Transcribe the entries in full, keeping each word as it is.

[[ EXTRACTED INFORMATION open ]]

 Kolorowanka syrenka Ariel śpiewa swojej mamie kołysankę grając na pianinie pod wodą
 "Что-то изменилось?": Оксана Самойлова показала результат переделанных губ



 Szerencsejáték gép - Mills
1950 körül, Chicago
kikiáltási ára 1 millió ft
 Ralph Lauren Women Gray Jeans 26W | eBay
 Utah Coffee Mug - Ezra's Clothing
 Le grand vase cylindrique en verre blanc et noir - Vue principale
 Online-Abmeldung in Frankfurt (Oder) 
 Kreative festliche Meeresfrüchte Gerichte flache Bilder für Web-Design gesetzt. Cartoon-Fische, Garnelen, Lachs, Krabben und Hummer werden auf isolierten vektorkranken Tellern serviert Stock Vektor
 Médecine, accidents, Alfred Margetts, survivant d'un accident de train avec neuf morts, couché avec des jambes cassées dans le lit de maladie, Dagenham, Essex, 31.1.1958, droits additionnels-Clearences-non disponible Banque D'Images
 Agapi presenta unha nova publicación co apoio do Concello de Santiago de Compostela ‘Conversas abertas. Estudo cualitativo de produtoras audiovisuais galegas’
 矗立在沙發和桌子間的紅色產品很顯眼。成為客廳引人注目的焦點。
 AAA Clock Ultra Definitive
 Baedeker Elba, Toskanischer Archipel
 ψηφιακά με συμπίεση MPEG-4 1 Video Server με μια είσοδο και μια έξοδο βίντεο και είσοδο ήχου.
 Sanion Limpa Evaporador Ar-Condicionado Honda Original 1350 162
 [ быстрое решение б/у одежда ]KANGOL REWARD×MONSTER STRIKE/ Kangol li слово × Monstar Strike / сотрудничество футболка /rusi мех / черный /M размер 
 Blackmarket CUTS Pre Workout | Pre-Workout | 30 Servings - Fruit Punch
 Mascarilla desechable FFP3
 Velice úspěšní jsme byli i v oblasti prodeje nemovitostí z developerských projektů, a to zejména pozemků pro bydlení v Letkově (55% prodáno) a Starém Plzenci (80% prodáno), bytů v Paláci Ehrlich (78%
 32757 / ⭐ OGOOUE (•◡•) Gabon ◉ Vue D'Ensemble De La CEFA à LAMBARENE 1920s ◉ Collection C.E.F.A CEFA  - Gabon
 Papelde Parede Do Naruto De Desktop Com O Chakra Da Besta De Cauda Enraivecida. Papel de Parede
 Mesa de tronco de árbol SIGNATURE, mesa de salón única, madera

[[ EXTRACTED INFORMATION closed ]]

- **RESULT OF THIS EXERCISE**
 Kolorowanka syrenka Ariel śpiewa swojej mamie kołysankę grając na pianinie pod wodą
 "Что-то изменилось?": Оксана Самойлова показала результат переделанных губ



 Szerencsejáték gép - Mills
1950 körül, Chicago
kikiáltási ára 1 millió ft
 Ralph Lauren Women Gray Jeans 26W | eBay
 Utah Coffee Mug - Ezra's Clothing
 Le grand vase cylindrique en verre blanc et noir - Vue principale
 Online-Abmeldung in Frankfurt (Oder) 
 Kreative festliche Meeresfrüchte Gerichte flache Bilder für Web-Design gesetzt. Cartoon-Fische, Garnelen, Lachs, Krabben und Hummer werden auf isolierten vektorkranken Tellern serviert Stock Vektor
 Médecine, accidents, Alfred Margetts, survivant d'un accident de train avec neuf morts, couché avec des jambes cassées dans le lit de maladie, Dagenham, Essex, 31.1.1958, droits additionnels-Clearences-non disponible Banque D'Images
 Agapi presenta unha nova publicación co apoio do Concello de Santiago de Compostela ‘Conversas abertas. Estudo cualitativo de produtoras audiovisuais galegas’
 矗立在沙發和桌子間的紅色產品很顯眼。成為客廳引人注目的焦點。
 AAA Clock Ultra Definitive
 Baedeker Elba, Toskanischer Archipel
 ψηφιακά με συμπίεση MPEG-4 1 Video Server με μια είσοδο και μια έξοδο βίντεο και είσοδο ήχου.
 Sanion Limpa Evaporador Ar-Condicionado Honda Original 1350 162
 [ быстрое решение б/у одежда ]KANGOL REWARD×MONSTER STRIKE/ Kangol li слово × Monstar Strike / сотрудничество футболка /rusi мех / черный /M размер 
 Blackmarket CUTS Pre Workout | Pre-Workout | 30 Servings - Fruit Punch
 Mascarilla desechable FFP3
 Velice úspěšní jsme byli i v oblasti prodeje nemovitostí z developerských projektů, a to zejména pozemků pro bydlení v Letkově (55% prodáno) a Starém Plzenci (80% prodáno), bytů v Paláci Ehrlich (78%
 32757 / ⭐ OGOOUE (•◡•) Gabon ◉ Vue D'Ensemble De La CEFA à LAMBARENE 1920s ◉ Collection C.E.F.A CEFA  - Gabon
 Papelde Parede Do Naruto De Desktop Com O Chakra Da Besta De Cauda Enraivecida. Papel de Parede
 Mesa de tronco de árbol SIGNATURE, mesa de salón única, madera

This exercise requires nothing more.